Ik kan me geen betere plek bedenken om de donkere winter door te komen dan het zwoele Afrika. Daarom vertrokken Olle en ik onlangs naar Hoedspruit, waar we zullen slapen midden in de natuur.
We komen aan bij een knusse houten lodge. Nieuwsgierig open ik de houten deuren. Over de stoelen hangen warme dekens en quilts want zelfs in het warme Afrika kunnen de nachten behoorlijk fris zijn. Opeens hoor ik in de verte de magische brul van een leeuw. ‘Hallo Afrika’ zeg ik hardop tegen mezelf.
We hebben afgesproken om met Paulo, een doorgewinterde gids met een grote modderige jeep. Ik gooi mijn tassen met al mijn spullen achterin en we vertrekken. Het droge landschap kleurt goud in de ochtendzon. Tot mijn verbazing zien we hoog in de bomen vogels met lange staarten en kleine aapjes, die me nieuwsgierig achtervolgen. ‘Hou je spullen in de gaten’ zegt Paulo ‘ze zijn brutaal.’




Het is al avond als we terugkomen in de lodge en ik in mijn pyama uitgeteld neerplof op bed. Ik word blij van de kleurige Afrikaanse prints op bed en de mooie badjassen die voor ons klaarhangen in de badkamer. ‘Waarom maar 3 nachten?’ denk ik.

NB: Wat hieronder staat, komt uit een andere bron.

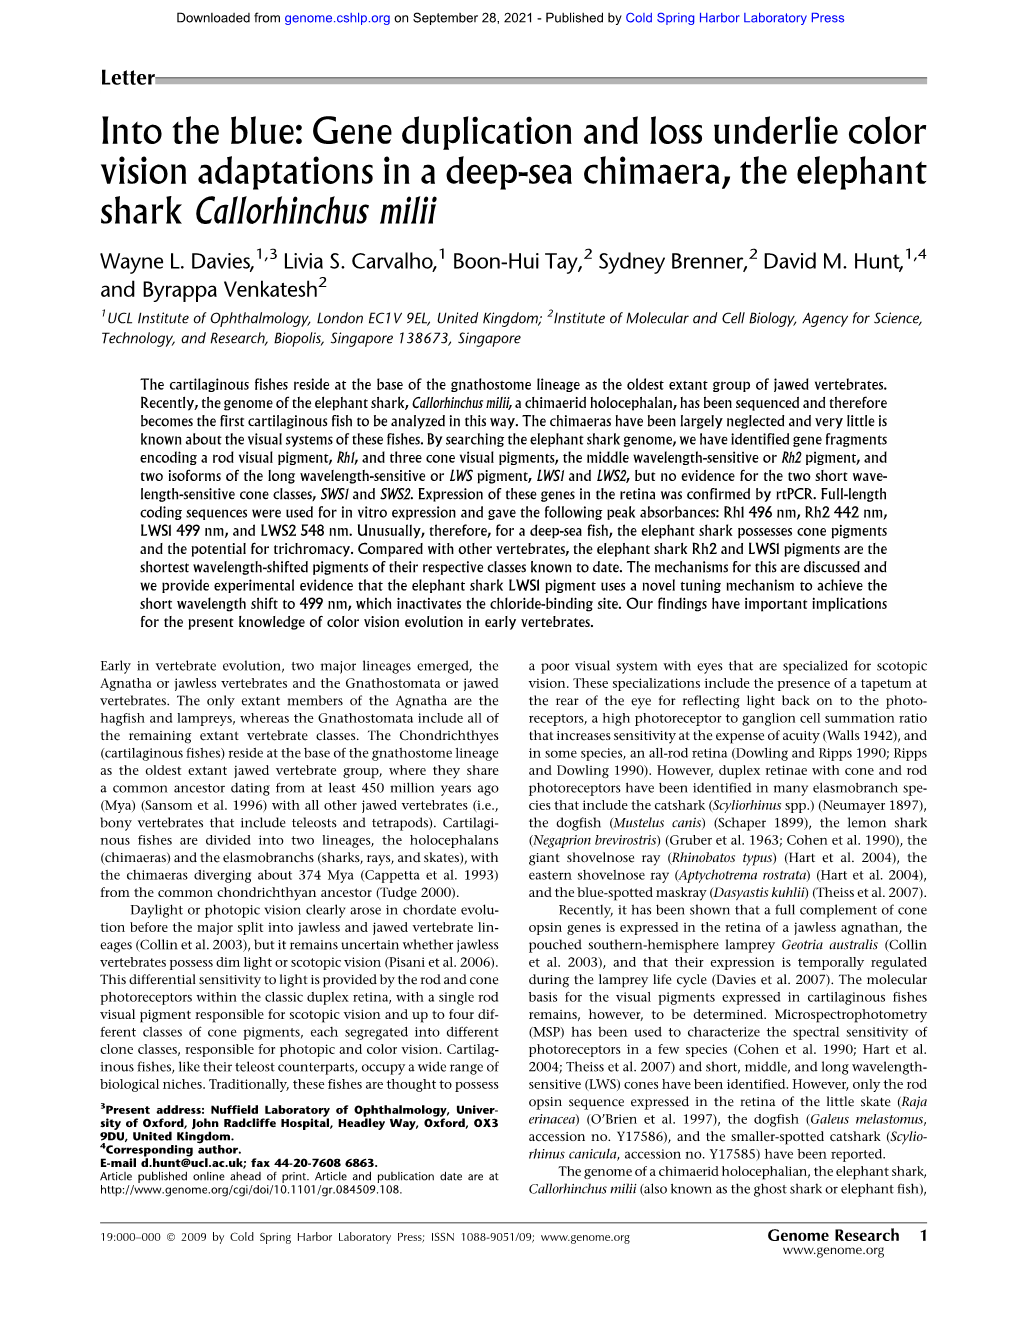 Into the Blue: Gene Duplication and Loss Underlie Color Vision Adaptations in a Deep-Sea Chimaera, the Elephant Shark Callorhinchus Milii

De natuur was prachtig, maar stiekem genoot ik het allermeest van de lange avonden in onze lodge. Olle speelde zelfbedachte liedjes op de oude piano, terwijl ik de kaarsen in de kandelaars aanstak. Ik dekte de tafel met het winterservies dat ik in de kasten vond en schonk mezelf een kop thee in. Terwijl ik de knusse lodge rondkeek, dacht ik aan thuis en aan hoe we de feestdagen altijd met de hele familie doorbrengen. Ik bedacht me dat ik de winter nooit meer ga ontvluchten, maar juist extra groots ga vieren, waar ik ook ben.